Increasingly stringent building codes and standards, along with consumer demand for smart and efficient products, will continue to push manufacturers to create the next generation of ventilation fans.

“Concerns about energy consumption and environmental impact are growing across all sectors of the building industry, which creates a demand for sustainable and efficient products,” Tsvetanov said. “The biggest change in the industry isn’t new products, but rather a consideration of thermal comfort solutions beyond just conditioned air.”

Builders and developers are increasingly realizing the importance of high-quality, quiet, efficient ventilation, Nielsen said. “Rather than having just basic fans installed, they are now calling on HVAC professionals to provide models that will be up to the task of meeting today’s green building codes and standards,” he added. “Also, the ease and speed of installation is becoming more of a differentiator as contractors choose which models to install.”

Tress also said energy efficiency, controllability, and technology will be major trends moving forward. “The personnel in the field has been requesting the ability to control systems using a wide array of communication methods, including simpler controls for small to medium-sized businesses that cannot afford full-scale building automation systems. They take technology that used to be available only to big buildings and make it accessible to any consumer. We must continue to innovate to provide these tools to customers.”

For HVLS fans, finding ways to integrate those fans with the existing HVAC system will continue to be a trend.

“We can better distribute the air in a space; reduce the load and run time on the HVAC system; and provide fresh air exchange, evaporative cooling, and humidity reduction for a cost significantly less than the numerous alternatives,” Warner said.

“Buildings can be designed with less upfront capital costs associated with extensive ducting and blower fans, less a/c system tonnage required, and less long-term operational cost associated with the energy required to power large blower fans and HVAC systems that would run 20-30 percent longer without HVLS fans as part of the solution.”

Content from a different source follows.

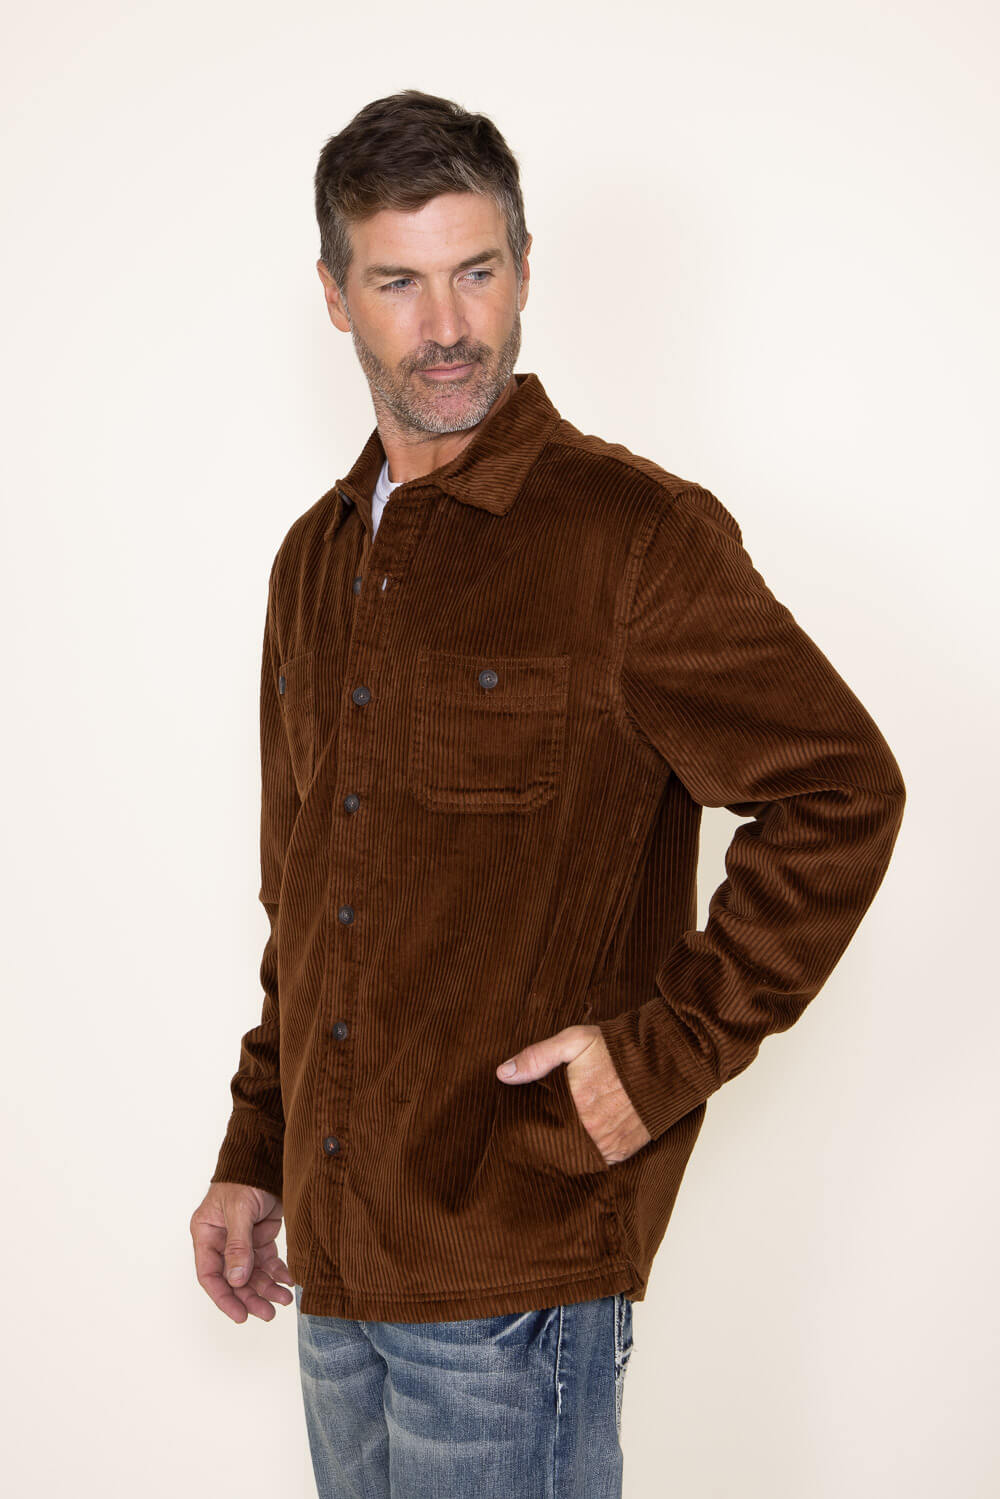 Weatherproof Vintage Corduroy Shirt Jacket for Men in Brown | F2388040 ...

Products will also continue to get quieter, especially as manufacturers embrace ECM technology.

“All ventilation fan products make some noise, so manufacturers are constantly working to make products quieter,” Wald said. “Fantech is no exception.”

A shifting mindset will also help ensure the ventilation market will continue to grow as consumers and installers begin to look at the system as a whole instead of concentrating on its individual components.

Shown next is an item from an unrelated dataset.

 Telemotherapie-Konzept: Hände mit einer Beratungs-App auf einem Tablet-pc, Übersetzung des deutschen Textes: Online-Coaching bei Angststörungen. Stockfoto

“Panasonic is already looking at ways to improve the comfort and IAQ of any home living environment through capitalizing on our product innovation and cross-product synergies to provide the industry with Total Home Comfort Solutions,” Monks said. “We are starting to see an increased focus shift from IAQ to Indoor Environmental Quality [IEQ] within a home as a total system.”

Finally, consumer demand for connectivity will continue to push manufacturers to improve their products.

“Panasonic is looking at intelligent HVAC systems that adjust to homeowners’ needs by tracking heating, ventilation, and cooling usage and preferences, then automatically adjusting the settings to ensure a consistent and comfortable indoor living environment with products that comply with the latest building codes and standards,” Monks said. “The connected home is definitely trending into the ventilation category.”